I don't know what the expected semantics of mount --bind -o are supposed to be, but if the idea is that you specify all of the flags (and the old mount flags are completely ignored), then you need to unconditionally call mount(MS_BIND|MS_REMOUNT) in order to ensure that you clear flags when requested. The downside is that this also means that mount --bind and mount --bind -o might have different behaviour (presumably the behaviour that mount --bind retains the old mount flags is something people want). In addition, you probably want to pass MS_RELATIME by default (if no atime flags are specified) in order to force the default kernel setting, rather than inheriting the old atime flag (to match the other mount flags).
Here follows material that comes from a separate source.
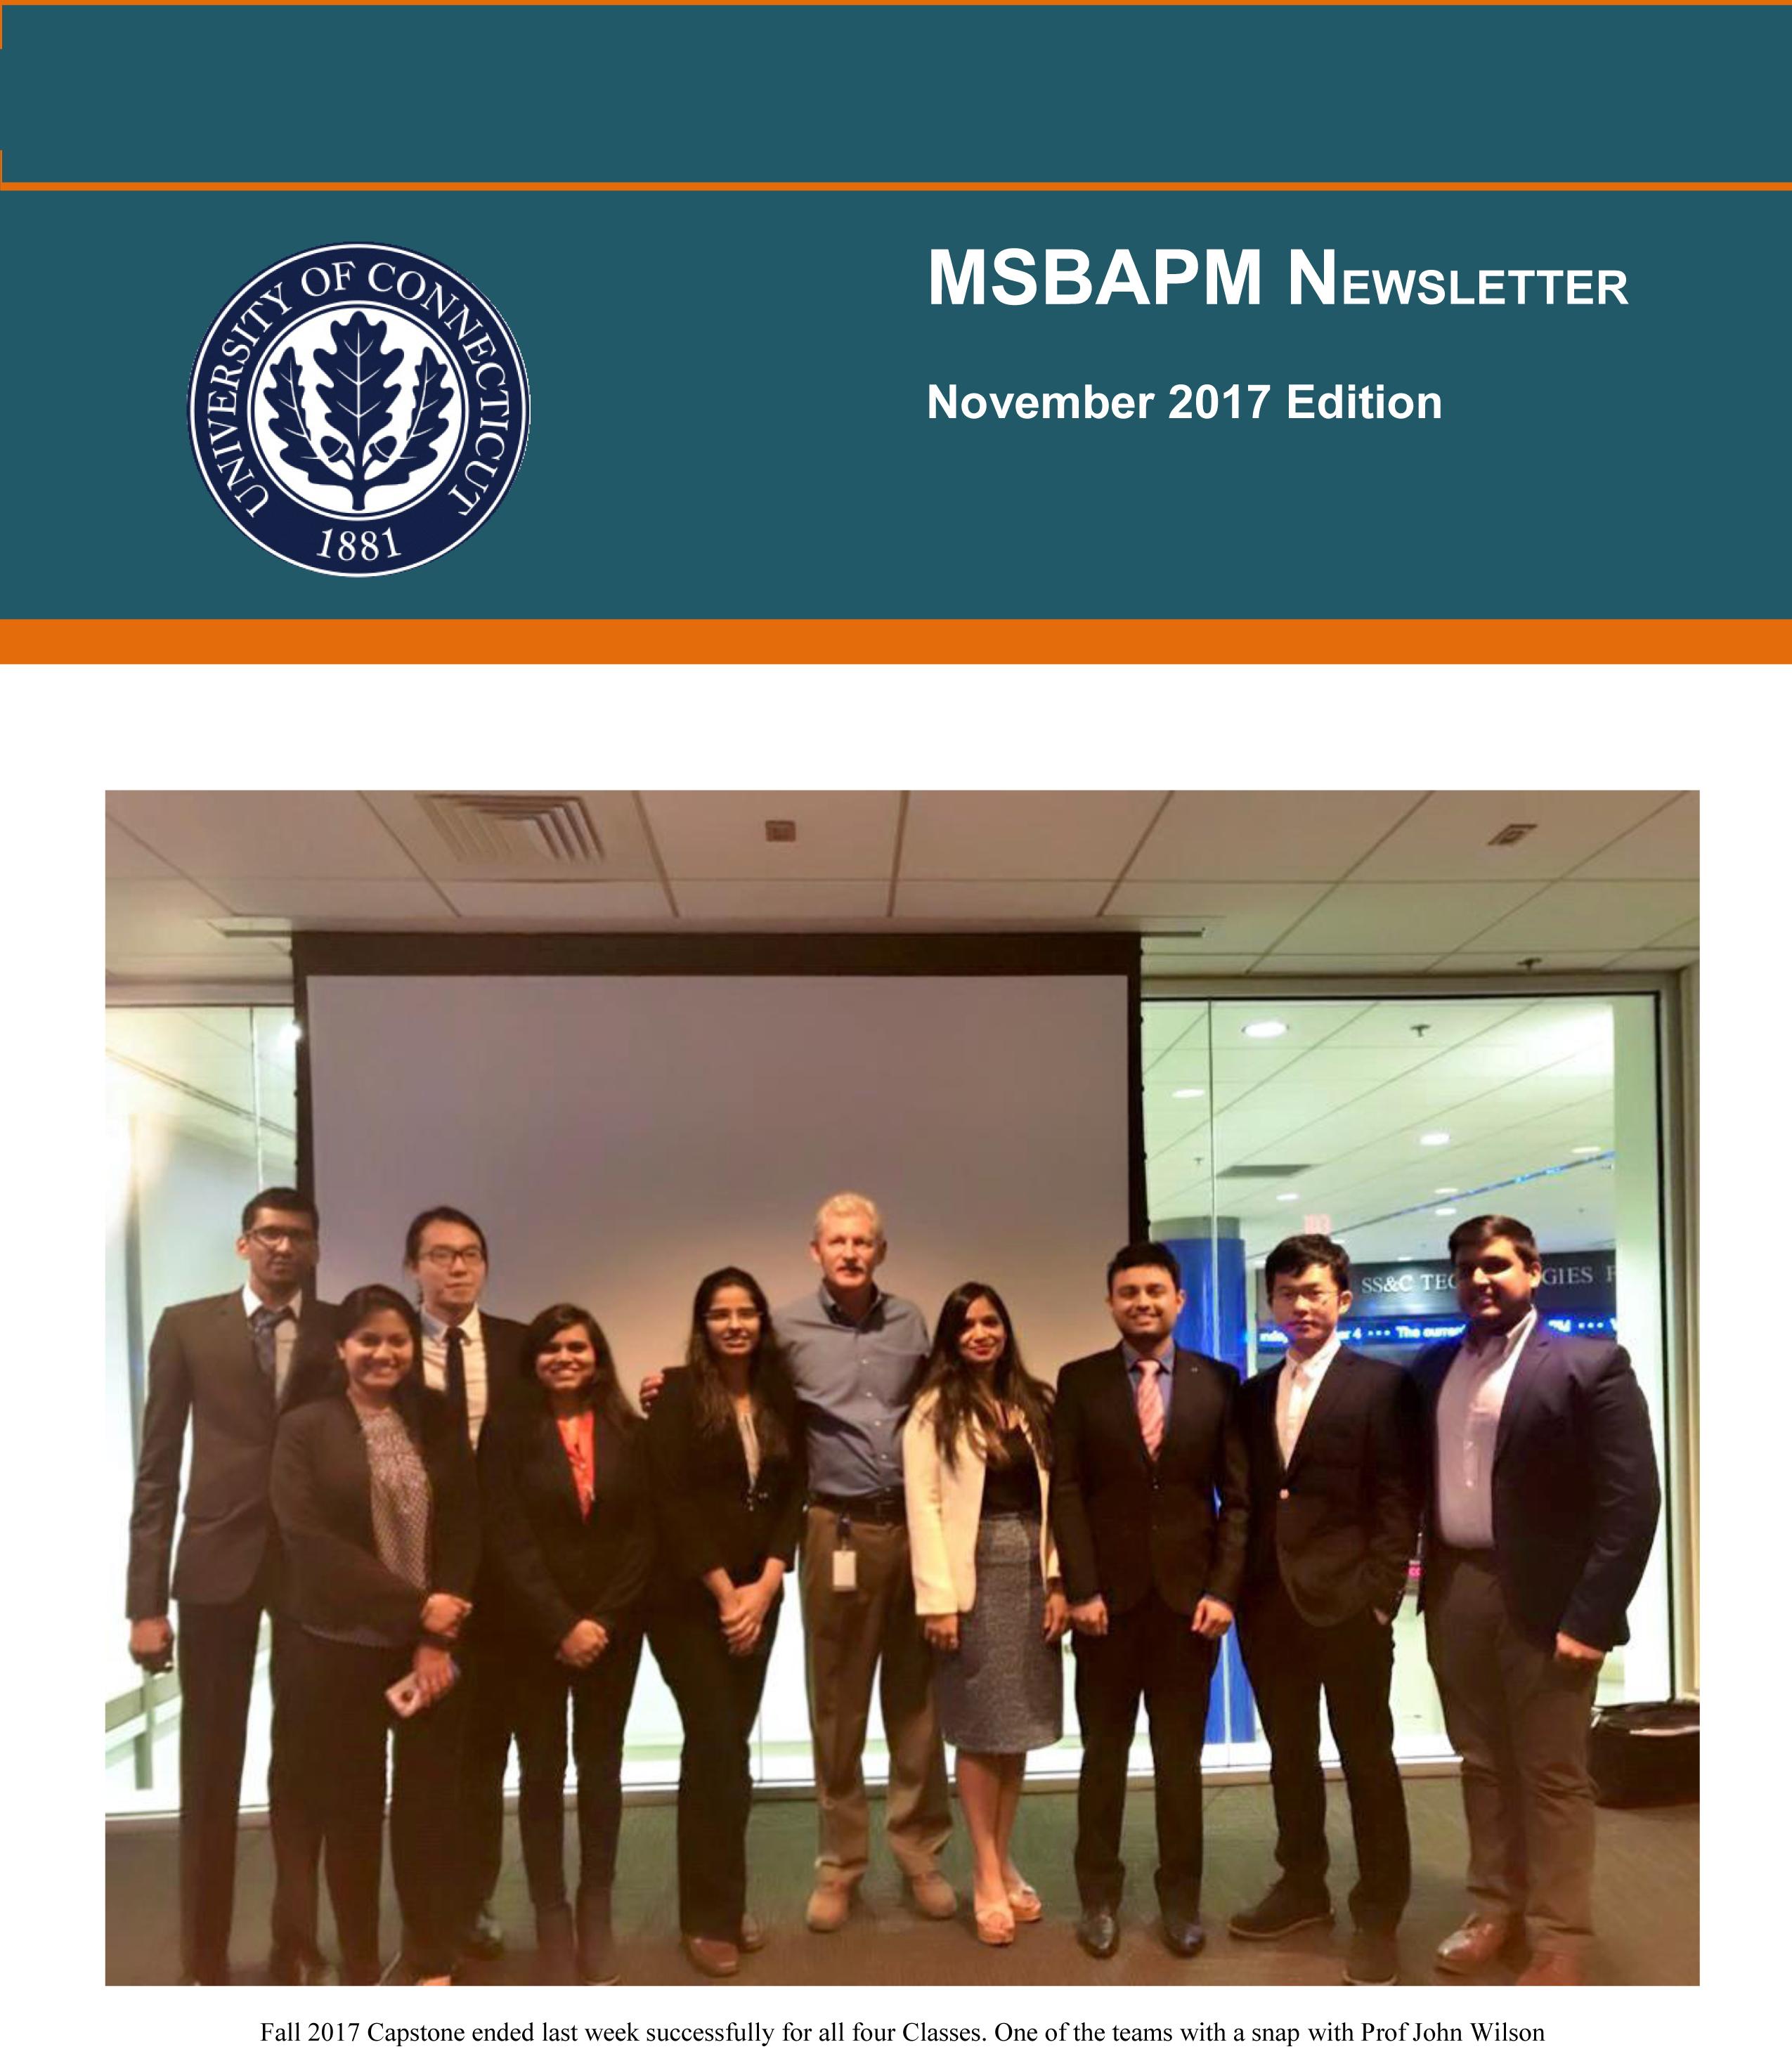 MSBAPM November 2017 Newsletter

For mount --bind -o remount,... the atime semantics should probably be something like:

  • If MS_RELATIME|MS_NOATIME are not present in /proc/self/mountinfo or statfs then add MS_STRICTATIME to correctly handle the strictatime cases.
  • If an atime flag (strictatime, relatime, noatime) is requested, clear all other atime flags from the "old" set. Currently the old atime flags are kept but this results in weird behaviour because some of the atime flags are technically an enum and so passing multiple values produces incorrect behaviour (most notably in the MS_RELATIME|MS_NOATIME case).
  • norelatime should probably be converted to strictatime in some cases.
  • The interaction of atime, diratime, norelatime and nostrictatime needs to be reconsidered. Does atime just mean "no MS_NOATIME" or should it also clear MS_NODIRATIME? What is nostrictatime supposed to mean? You cannot clear the MS_STRICTATIME flag as it is not a real flag -- should it instead mean MS_RELATIME (the default atime since 2009)?

I discovered this while working on runc's mount handling code. The OCI runtime-spec requires us to mirror mount(8) semantics, and I then discovered that several bugs present in runc are also present in libmount but slightly different.

I will write up a simple test script to help make it easier to understand the multitude of issues.